GIVEN MATERIAL:
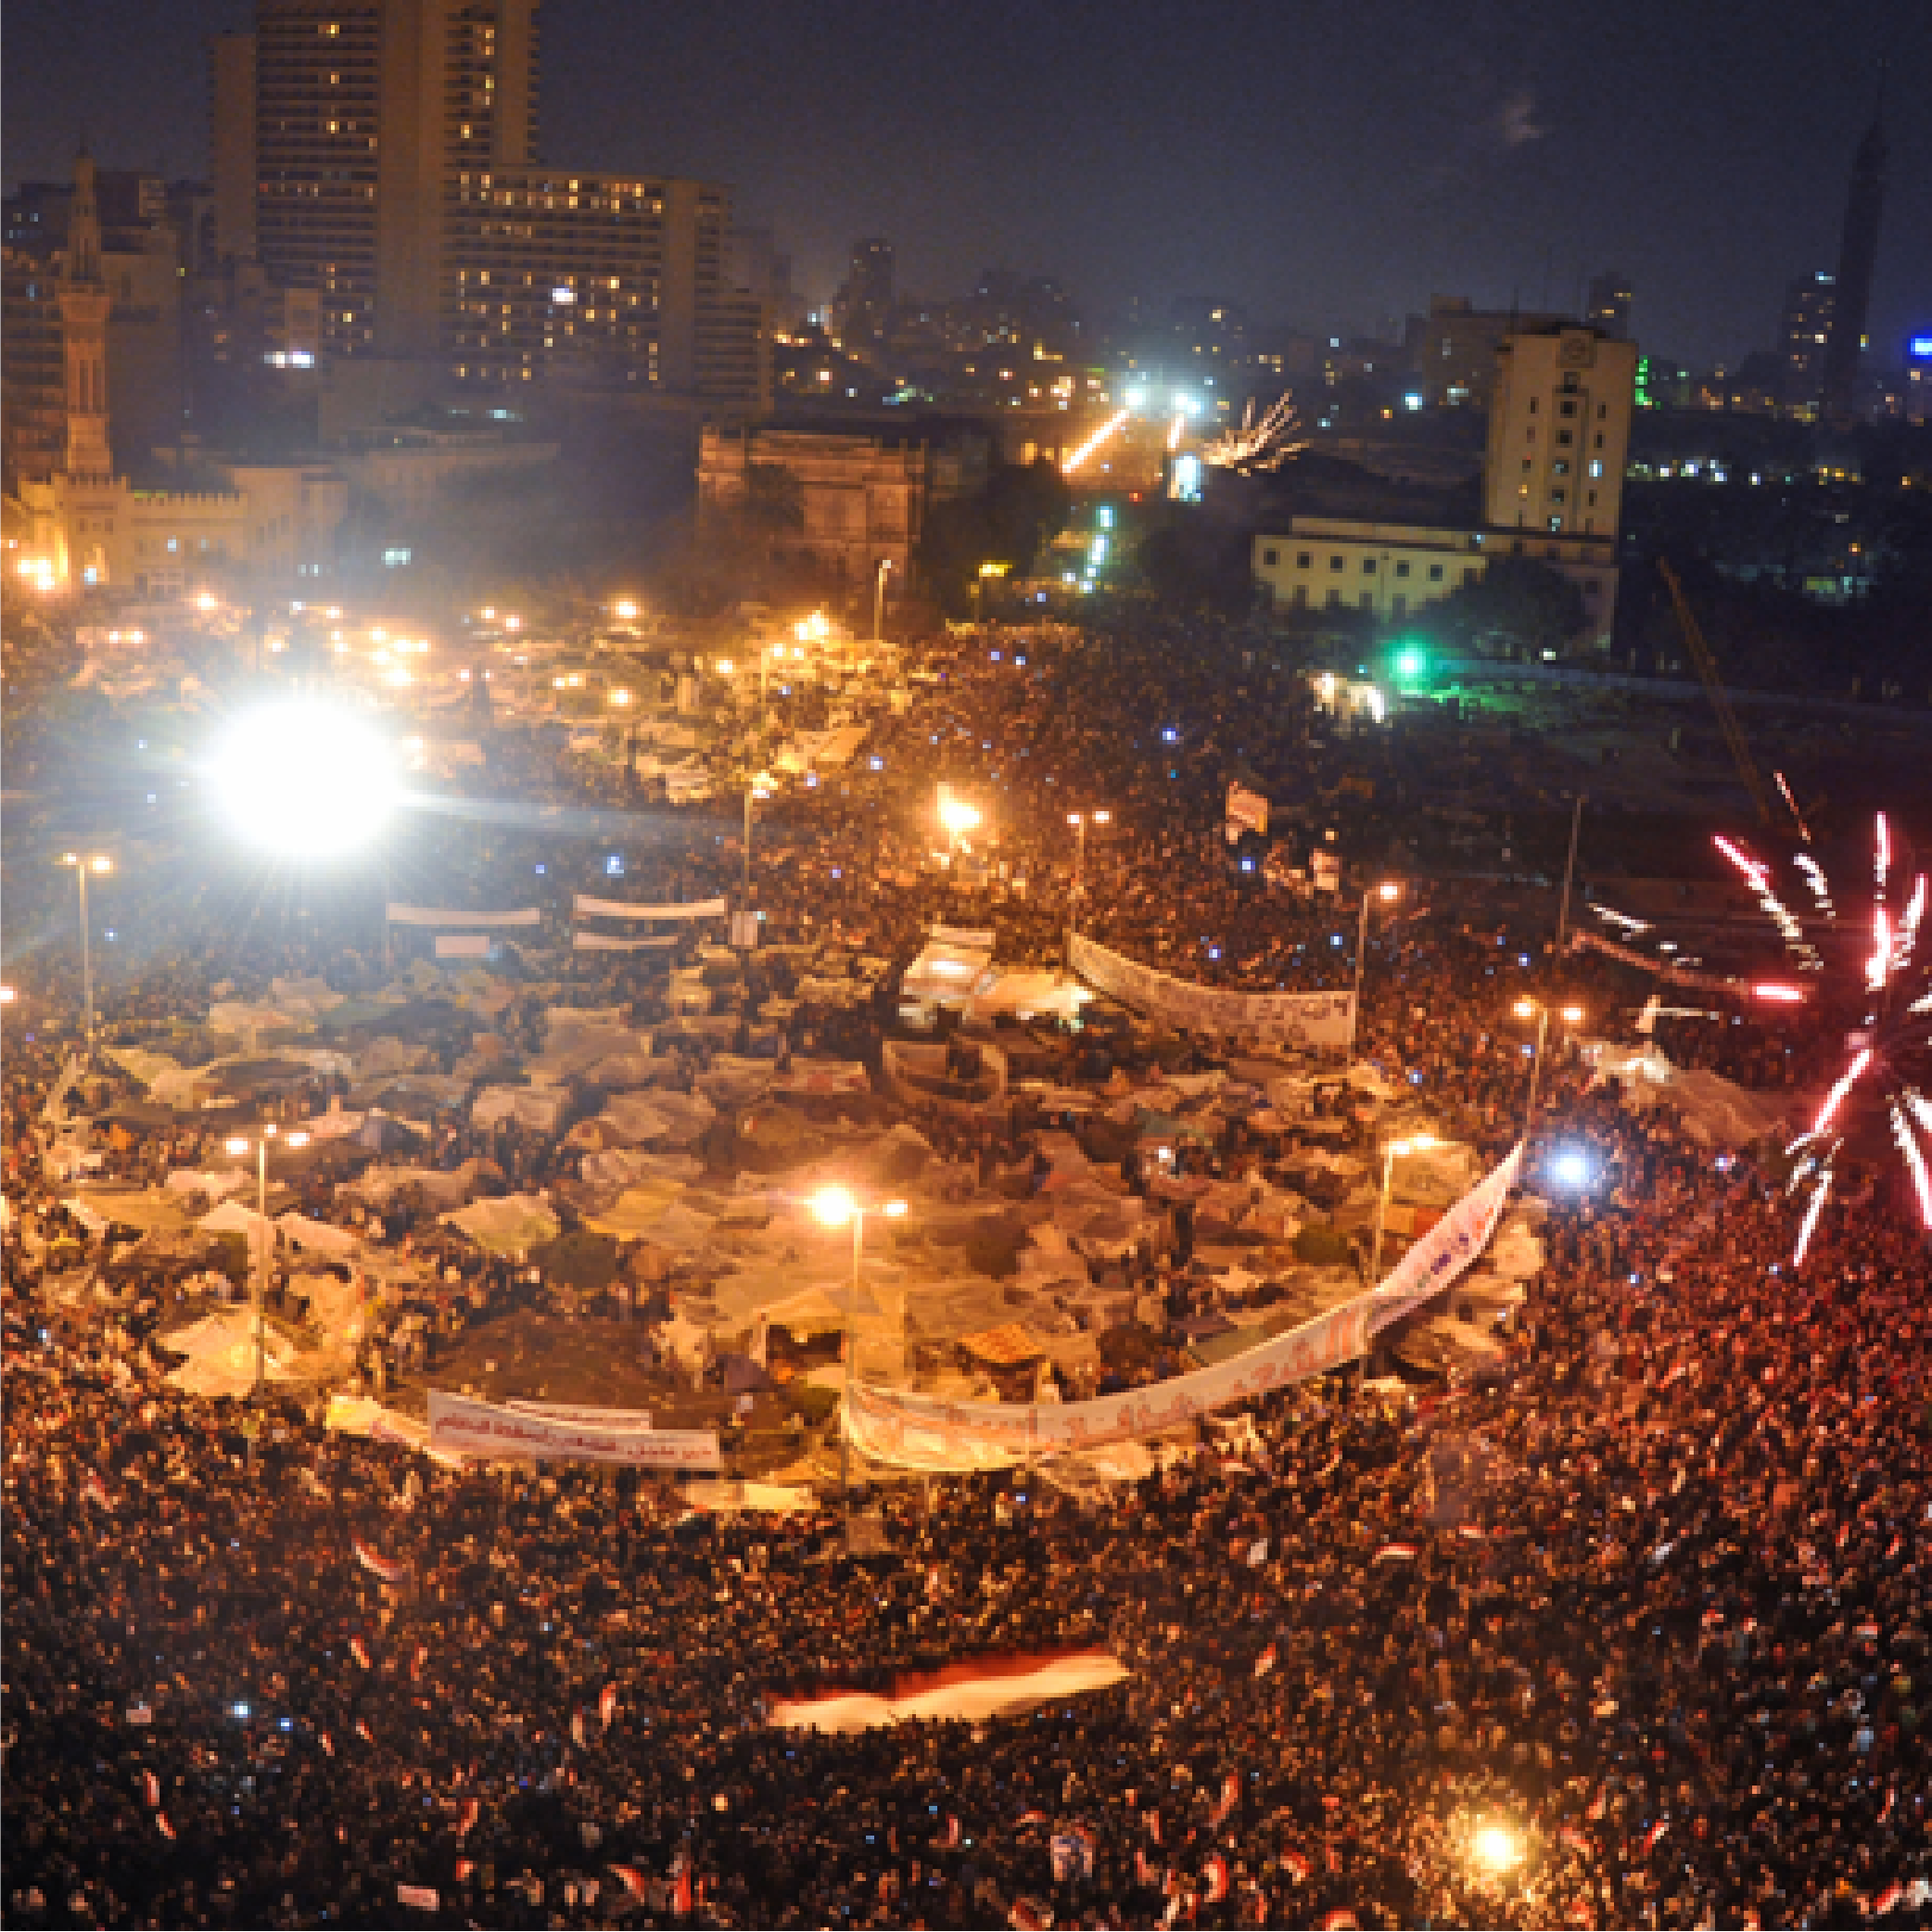 阿拉伯之春是由阿拉伯世界中的民眾透過網路起義，要求推翻專制政體的行動。
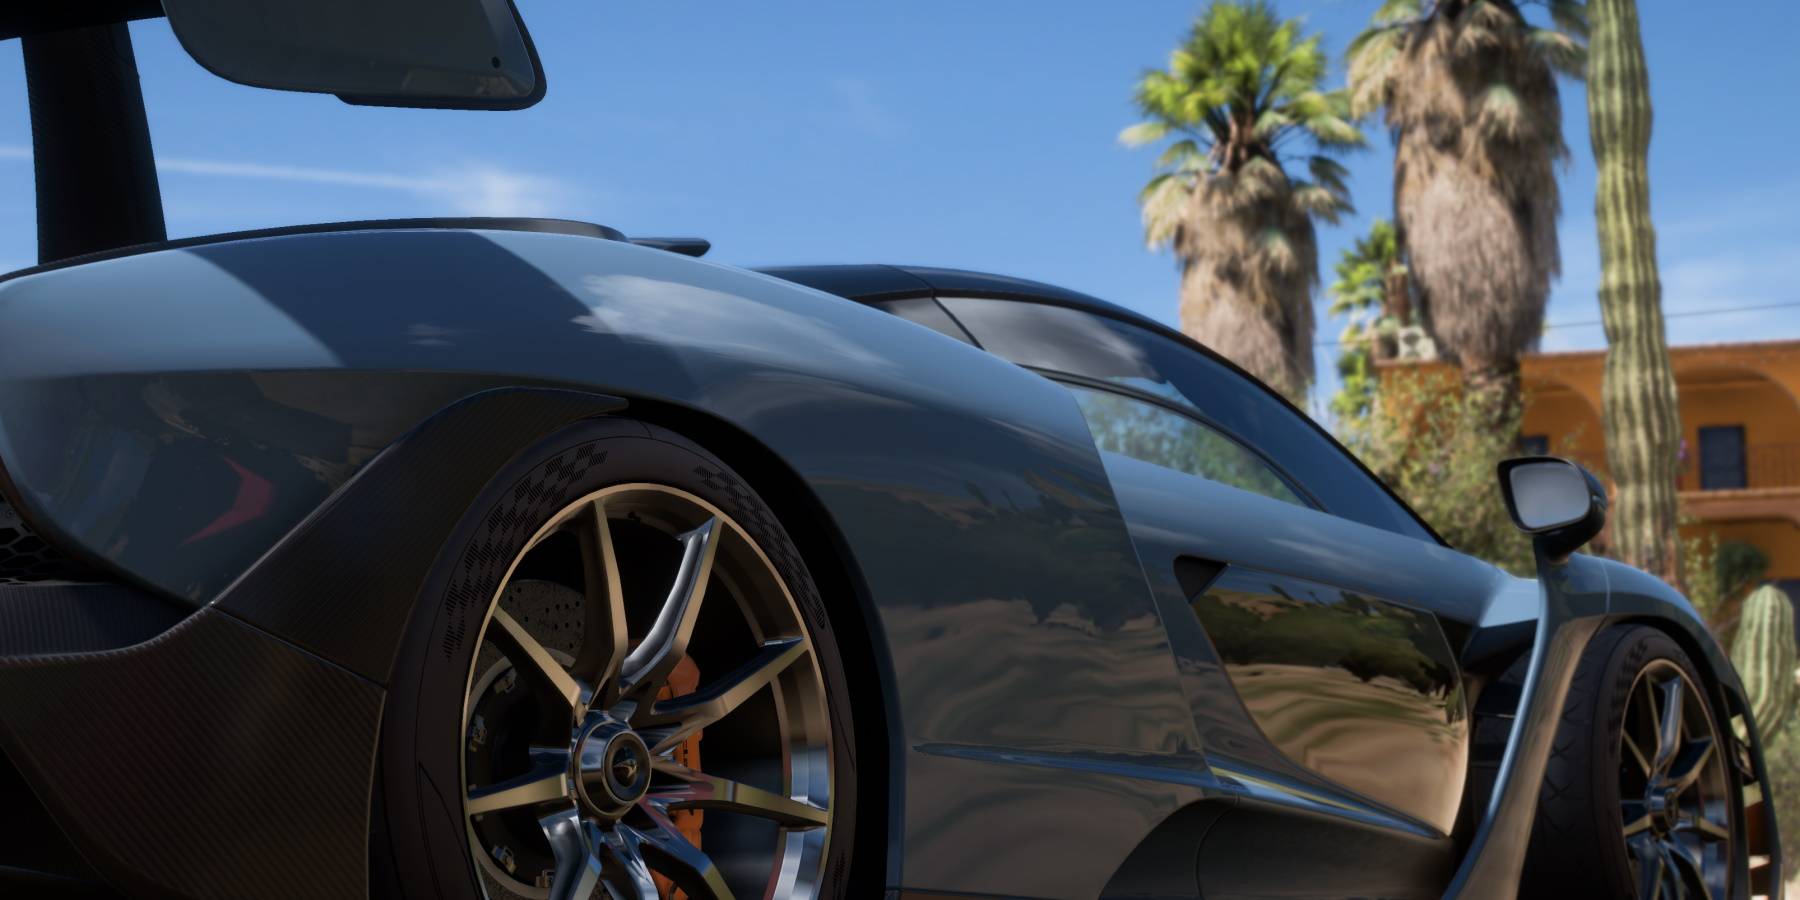  Modo coche de vista Forza Horizon 5 en casa bella house
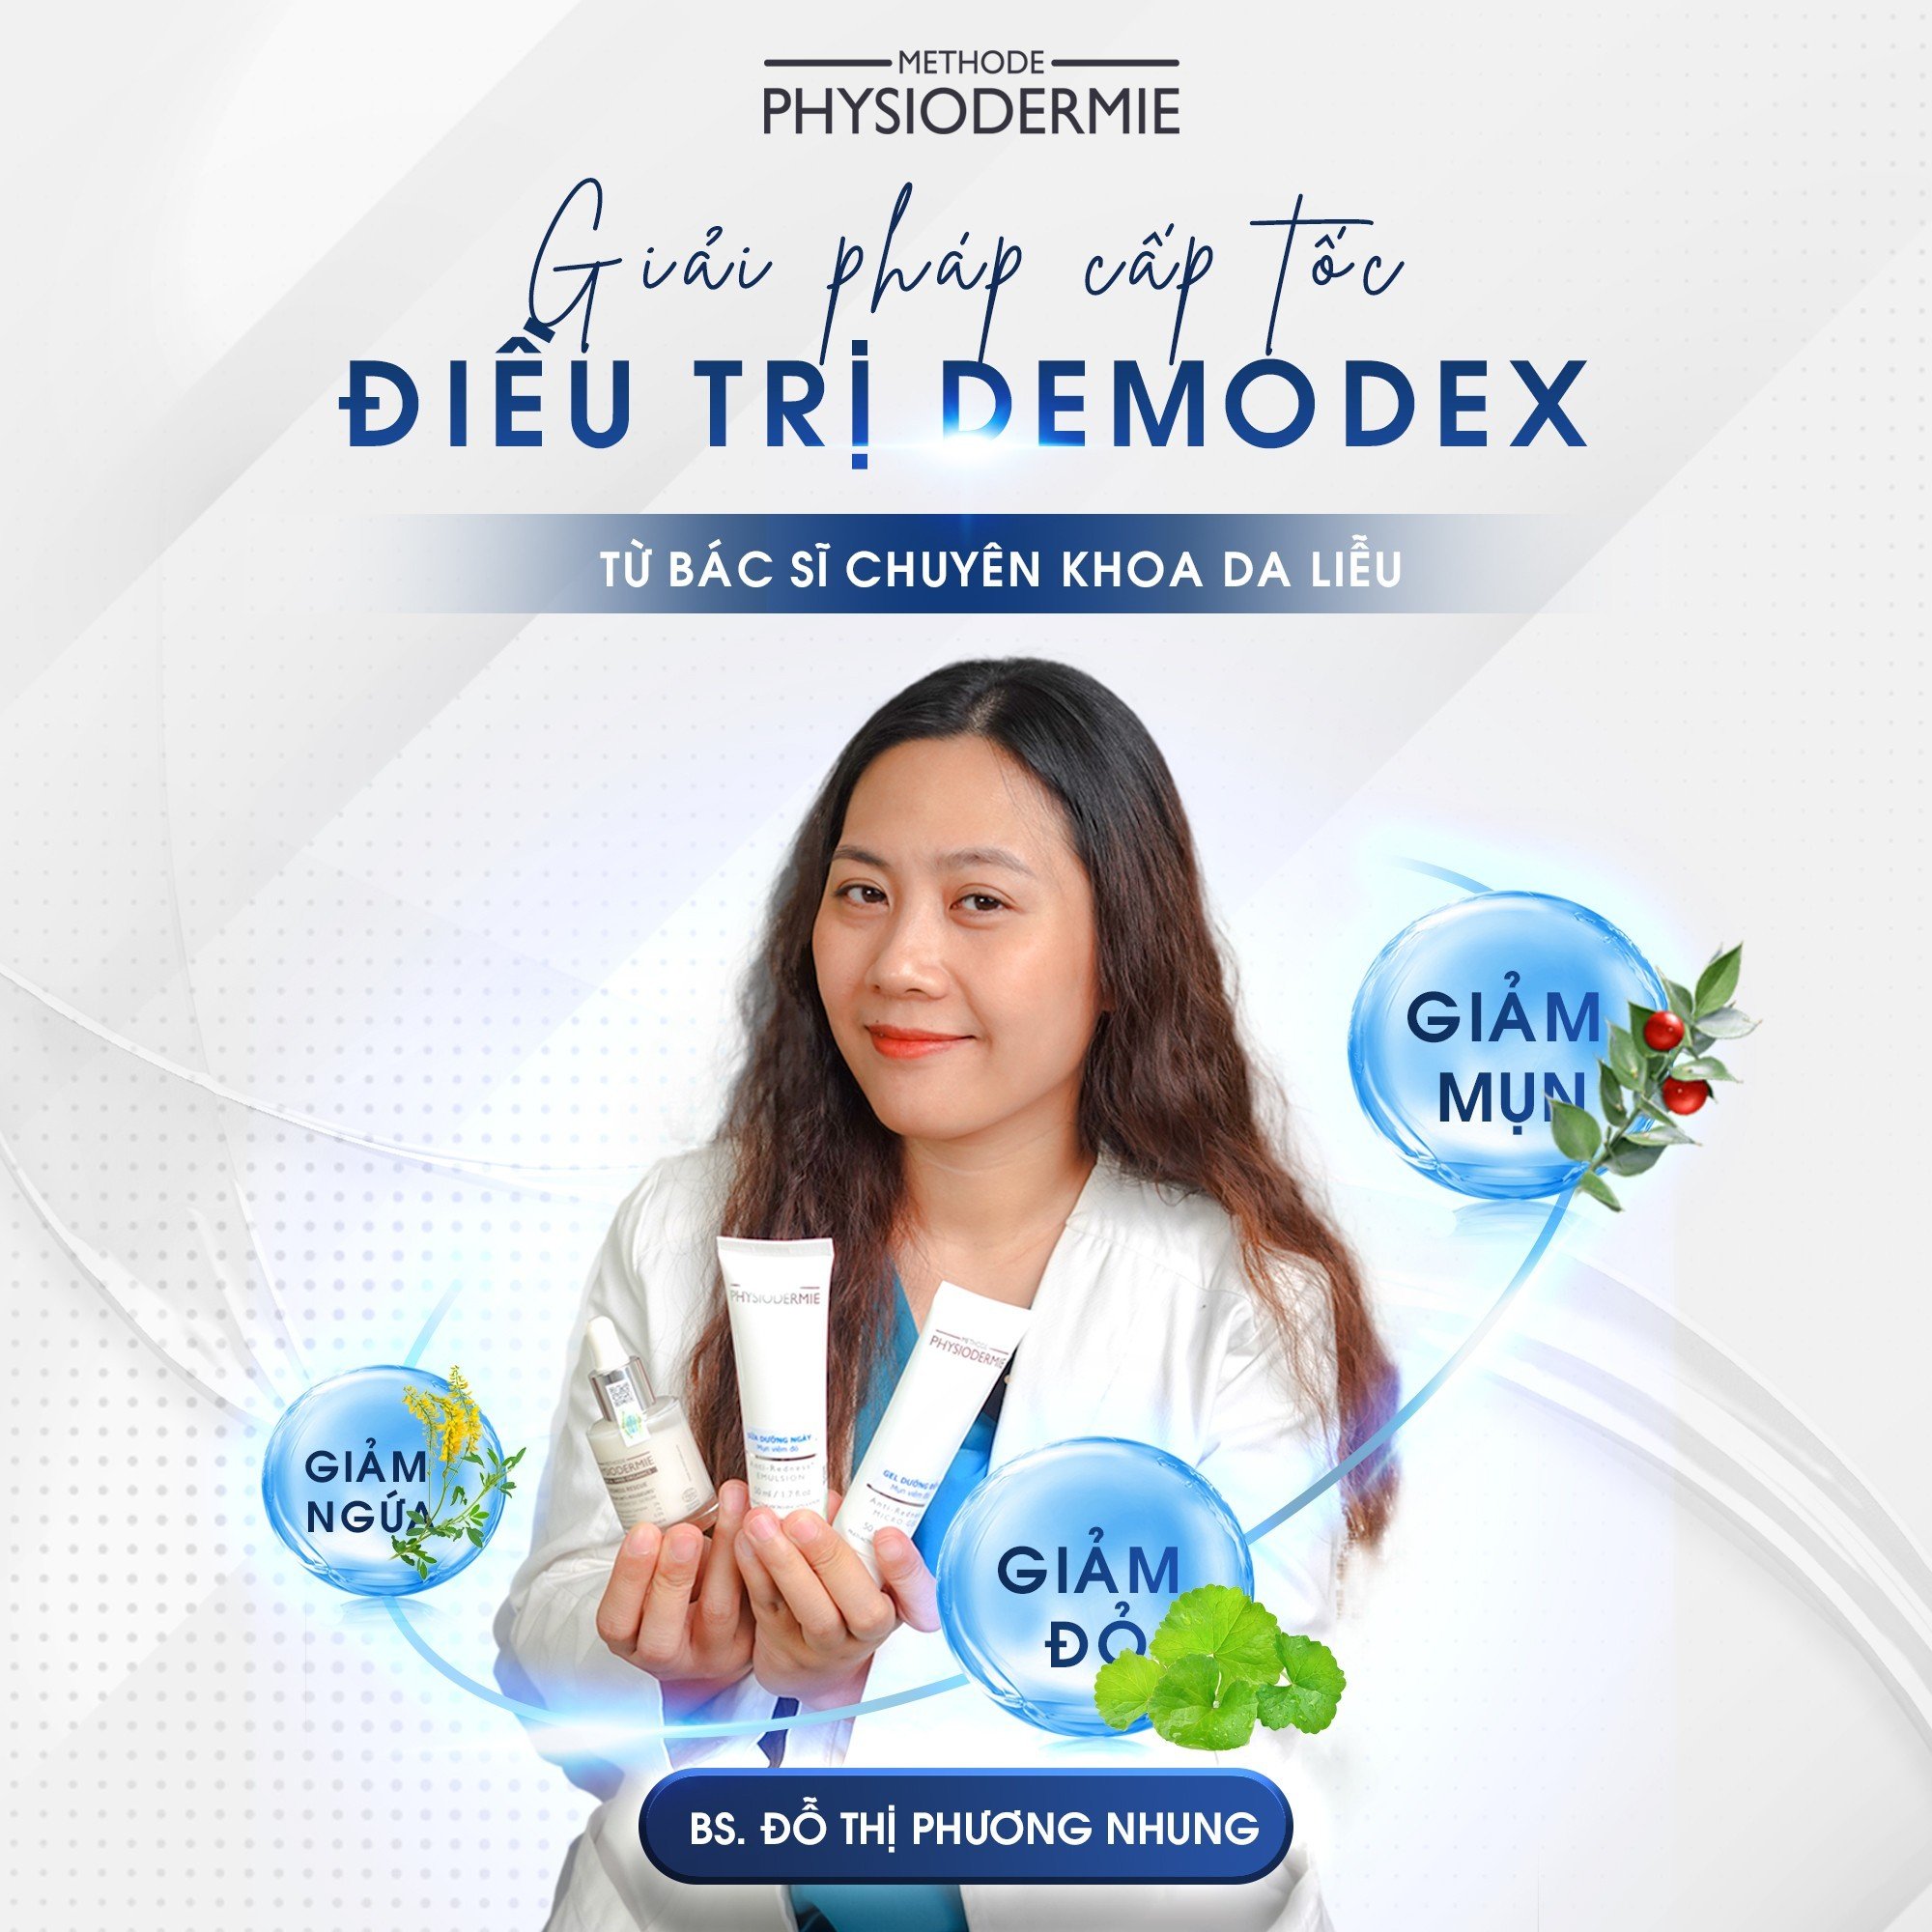 Giải pháp CẤP TỐC điều trị Demodex từ bác sĩ Chuyên Khoa Da Liễu

EXERCISE GOAL:
The answer should be the complete listing, set down exactly, without pictures.

YOUR RESPONSE:
 阿拉伯之春是由阿拉伯世界中的民眾透過網路起義，要求推翻專制政體的行動。
  Modo coche de vista Forza Horizon 5 en casa bella house
 Giải pháp CẤP TỐC điều trị Demodex từ bác sĩ Chuyên Khoa Da Liễu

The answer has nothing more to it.